▶ **WHAT TO WORK ON**:
Return, word for word, only the lines of the data below that lie between the line with "perricone md no" and the line with "Laura Checkley is", those two lines included.

▶ **EXERCISE INPUT**:
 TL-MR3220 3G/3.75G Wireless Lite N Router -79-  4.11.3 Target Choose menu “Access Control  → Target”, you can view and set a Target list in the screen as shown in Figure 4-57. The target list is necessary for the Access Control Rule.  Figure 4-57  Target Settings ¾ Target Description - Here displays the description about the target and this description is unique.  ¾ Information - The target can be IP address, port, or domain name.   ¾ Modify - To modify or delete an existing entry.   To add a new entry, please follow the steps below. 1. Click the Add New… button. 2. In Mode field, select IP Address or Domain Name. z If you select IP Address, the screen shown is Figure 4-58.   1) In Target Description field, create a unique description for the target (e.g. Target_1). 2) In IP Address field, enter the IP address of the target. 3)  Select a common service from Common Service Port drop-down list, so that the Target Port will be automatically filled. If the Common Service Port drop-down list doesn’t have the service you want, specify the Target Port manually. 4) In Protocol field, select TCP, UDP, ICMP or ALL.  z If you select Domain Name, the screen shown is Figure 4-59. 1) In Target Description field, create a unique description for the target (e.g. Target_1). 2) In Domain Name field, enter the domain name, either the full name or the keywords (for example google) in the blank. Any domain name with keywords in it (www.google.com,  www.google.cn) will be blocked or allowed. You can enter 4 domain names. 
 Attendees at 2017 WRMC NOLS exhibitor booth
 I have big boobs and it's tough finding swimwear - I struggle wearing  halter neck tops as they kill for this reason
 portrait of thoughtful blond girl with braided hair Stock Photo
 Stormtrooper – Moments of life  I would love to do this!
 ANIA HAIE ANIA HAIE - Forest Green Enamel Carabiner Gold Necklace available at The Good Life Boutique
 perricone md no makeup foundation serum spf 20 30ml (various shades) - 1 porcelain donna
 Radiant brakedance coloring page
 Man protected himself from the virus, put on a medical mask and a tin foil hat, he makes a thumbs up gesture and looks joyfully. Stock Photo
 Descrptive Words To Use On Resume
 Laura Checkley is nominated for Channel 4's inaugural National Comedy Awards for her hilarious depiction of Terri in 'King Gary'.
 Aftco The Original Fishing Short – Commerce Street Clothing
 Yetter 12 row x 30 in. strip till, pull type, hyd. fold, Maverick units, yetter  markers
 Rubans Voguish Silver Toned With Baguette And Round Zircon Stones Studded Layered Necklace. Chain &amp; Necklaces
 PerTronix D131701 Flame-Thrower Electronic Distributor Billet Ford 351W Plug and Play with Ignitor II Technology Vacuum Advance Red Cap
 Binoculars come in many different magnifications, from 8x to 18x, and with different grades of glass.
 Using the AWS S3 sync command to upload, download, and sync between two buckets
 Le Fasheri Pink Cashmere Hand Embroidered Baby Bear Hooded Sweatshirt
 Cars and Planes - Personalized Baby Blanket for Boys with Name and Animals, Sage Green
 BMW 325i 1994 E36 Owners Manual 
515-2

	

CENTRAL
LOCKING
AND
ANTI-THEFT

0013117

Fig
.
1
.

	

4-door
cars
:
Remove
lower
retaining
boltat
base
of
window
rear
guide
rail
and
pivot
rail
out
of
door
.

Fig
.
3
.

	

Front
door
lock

▶ **RESULT**:
 perricone md no makeup foundation serum spf 20 30ml (various shades) - 1 porcelain donna
 Radiant brakedance coloring page
 Man protected himself from the virus, put on a medical mask and a tin foil hat, he makes a thumbs up gesture and looks joyfully. Stock Photo
 Descrptive Words To Use On Resume
 Laura Checkley is nominated for Channel 4's inaugural National Comedy Awards for her hilarious depiction of Terri in 'King Gary'.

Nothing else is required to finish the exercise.